Session Chair: Moyses Szklo, JHSPH
In this half-day workshop, participants will critically review a paper as initially submitted to the American Journal of Epidemiology, but not yet published. The paper will be sent to participants in advance of the workshop for their critical review. During the workshop, a presentation will be made regarding some of the main points to be considered when preparing or reviewing a manuscript. Small-group work will follow the presentation so that participants can compare their reviews and prepare a consolidated list of critical comments on the paper. Each group will designate a leader who will present the group’s review of the paper to the whole group of participants. At the end of the workshop, students will receive copies of the manuscript’s AjE reviews, the initial editorial decision, and the final accepted version of the paper.

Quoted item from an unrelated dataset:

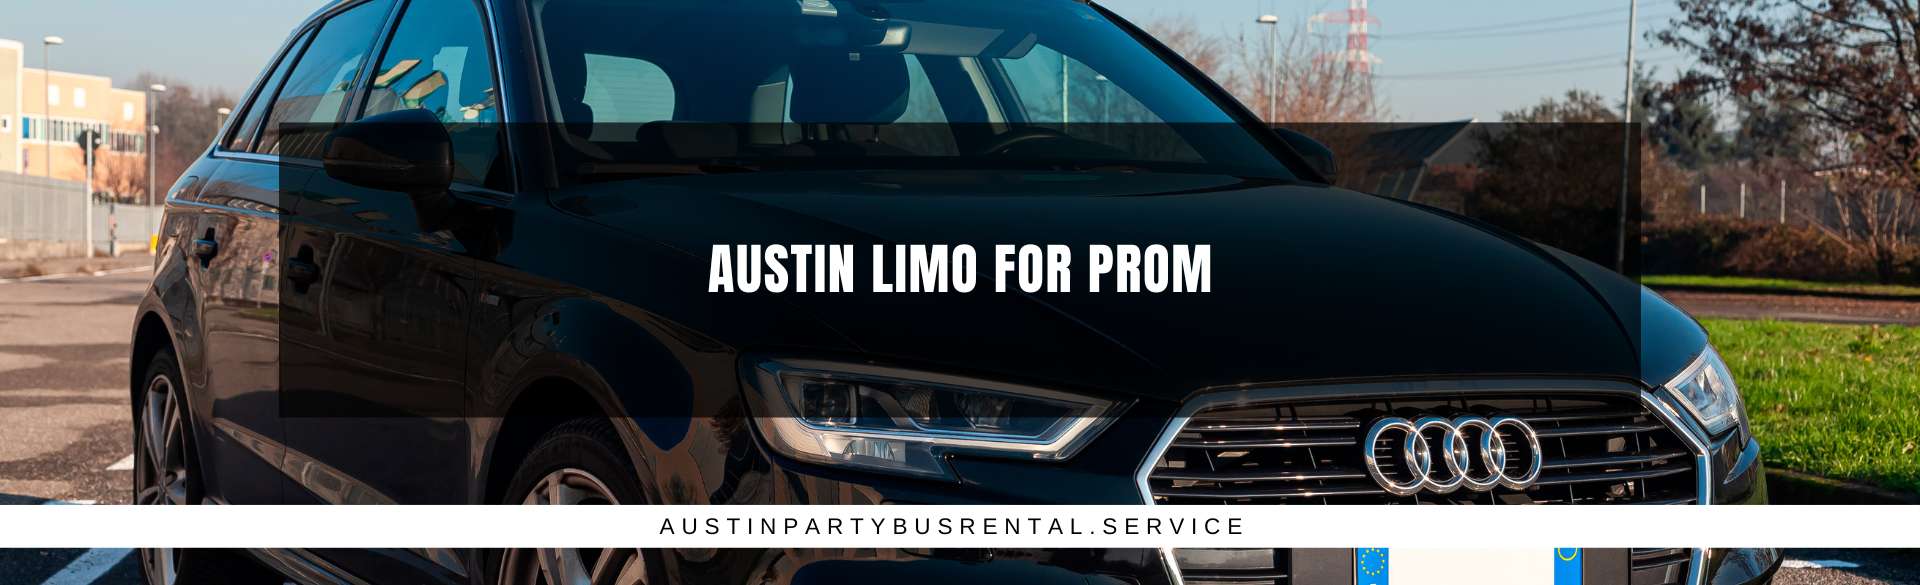 Austin Limo for Prom

It is becoming increasingly clear that producing causal estimates from studies with acceptable internal validity is not sufficient to guide interventions and policy analysis for population health. External validity is critical for applying internally valid results from a study population to a target population that may or may not have given rise to the study population. Novel developments in causal inference allow us to give the sufficient and necessary conditions for generalizability and transportability. This workshop will provide accessible theoretical and practical introduction to the concepts of internal and external validity and show to generalize or transport internally valid external estimates from study populations to source or target populations. The concept of data fusion will be introduced to workshop participants for the purposes of generalizing or transporting data and effect estimates across populations and settings. The workshop will use structural and graphical language to make it accessible to epidemiologists interested in causal inference for informing interventions and policy. It will show how g-methods, particularly g-computation and inverse-probability-weighting and inverse-odds-weighting with(out) augmentation, can be used to generalize or transport effect estimates. Ample applications using empirical datasets and software codes will be provided in SAS, Stata and R.